I would weld the whole deal, not much point being able to open it up especially on a flat or large finned hot plate... If it had dirty water running through it, maybe, but you should be using basically engine coolant. You really don't want it coming out over the tank.

You also want to force the water to spend some time in the plate, so you really want to channel it. I would make an S type shape, input from one corner, loop back and forth then back out. Along each wall you can add pass-throughs, where appropriate, by substituting part of the wall with a tube, then drilling out the plate.

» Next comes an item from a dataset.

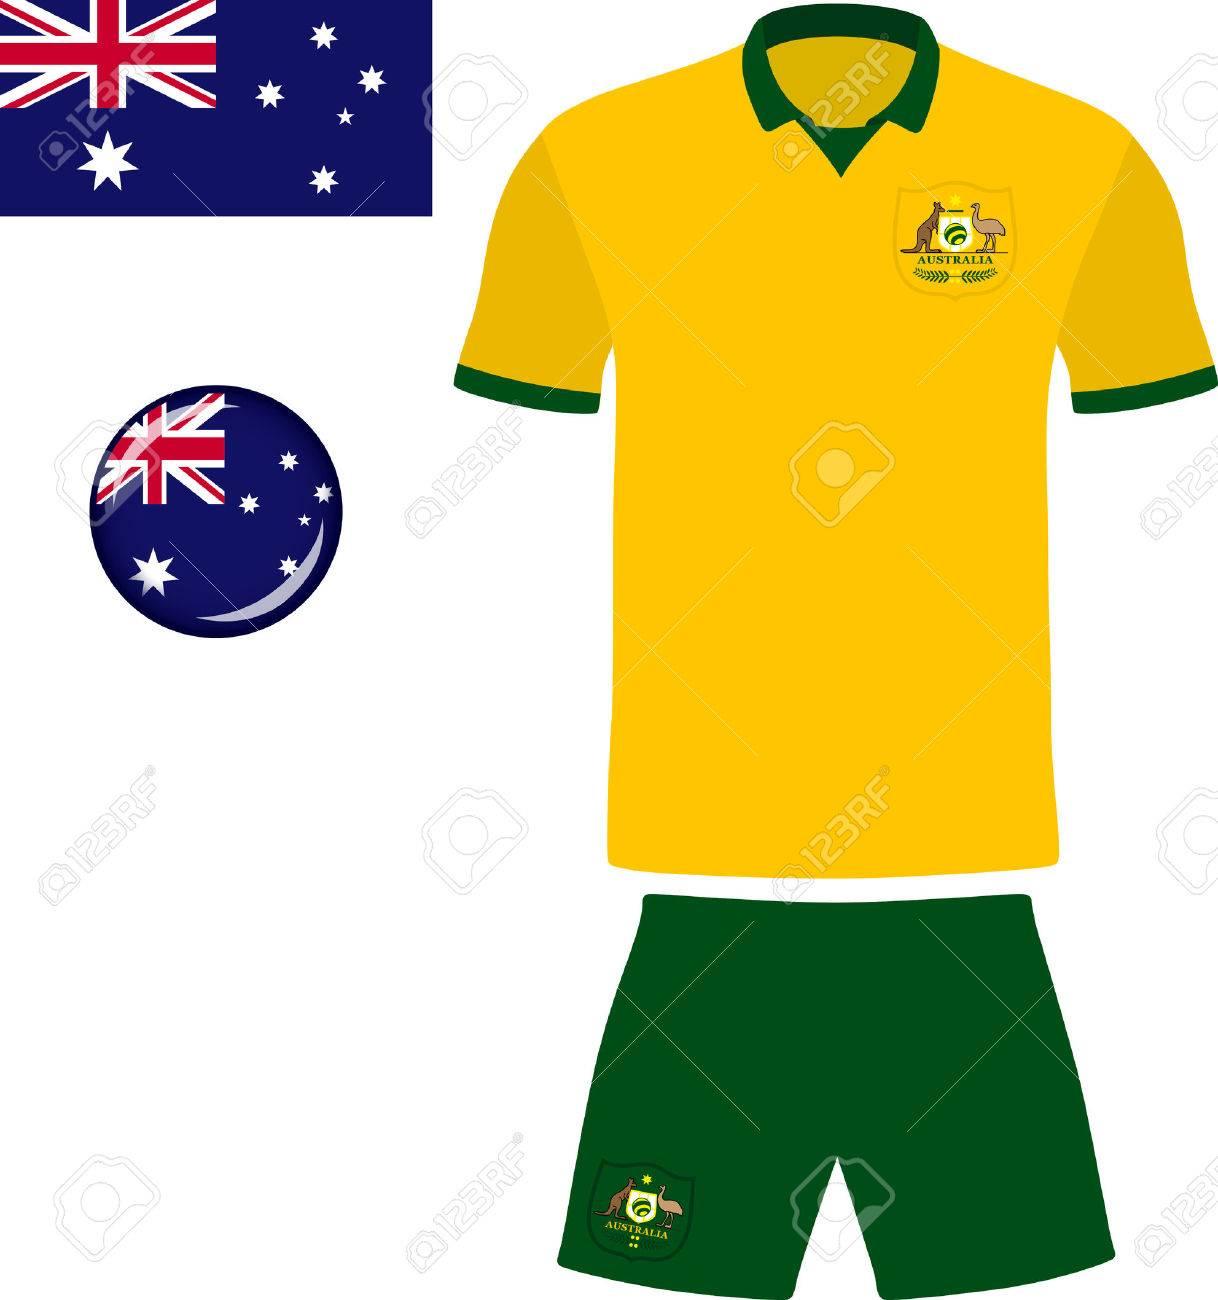 0e77172e47c Australia Football Jersey. Vector graphic illustration representing the national  football jersey of Australia. Stock

In the end i would expect something like this:
|------------| V-In
| ----O-----|
|-O------O- |
| ----O-----|
|------------| ^-Out

Size wise i would make the plate fairly thin, channels wide enough that its comfortable to weld. Welding the internal fins to the cover plate will be more 'fun' than welding them to the bottom (where you can weld on the inside). But i expect you know what must be done to weld the fins to the cover.
 
I would omit the passthroughs. You want to keep the water moving and creating alternate paths could allow stagnation.
 
I understand your point about tim the tool man ...ruf ruf ruf..lol..I have to admit I am a lot like that..you should see my hot rods he only wishes..lol..welding it up solid was my fist choice(trying to hide some of the welds ..welding it from the out side is like a ton of welding..jury still out on that..yes that's what I thought about the pass threw ... inside I will use some 1/2 x1/2 flat bar and weld the snake onto the plate..those can be spot welded...that amount of welding on the outside concerns me about warping ..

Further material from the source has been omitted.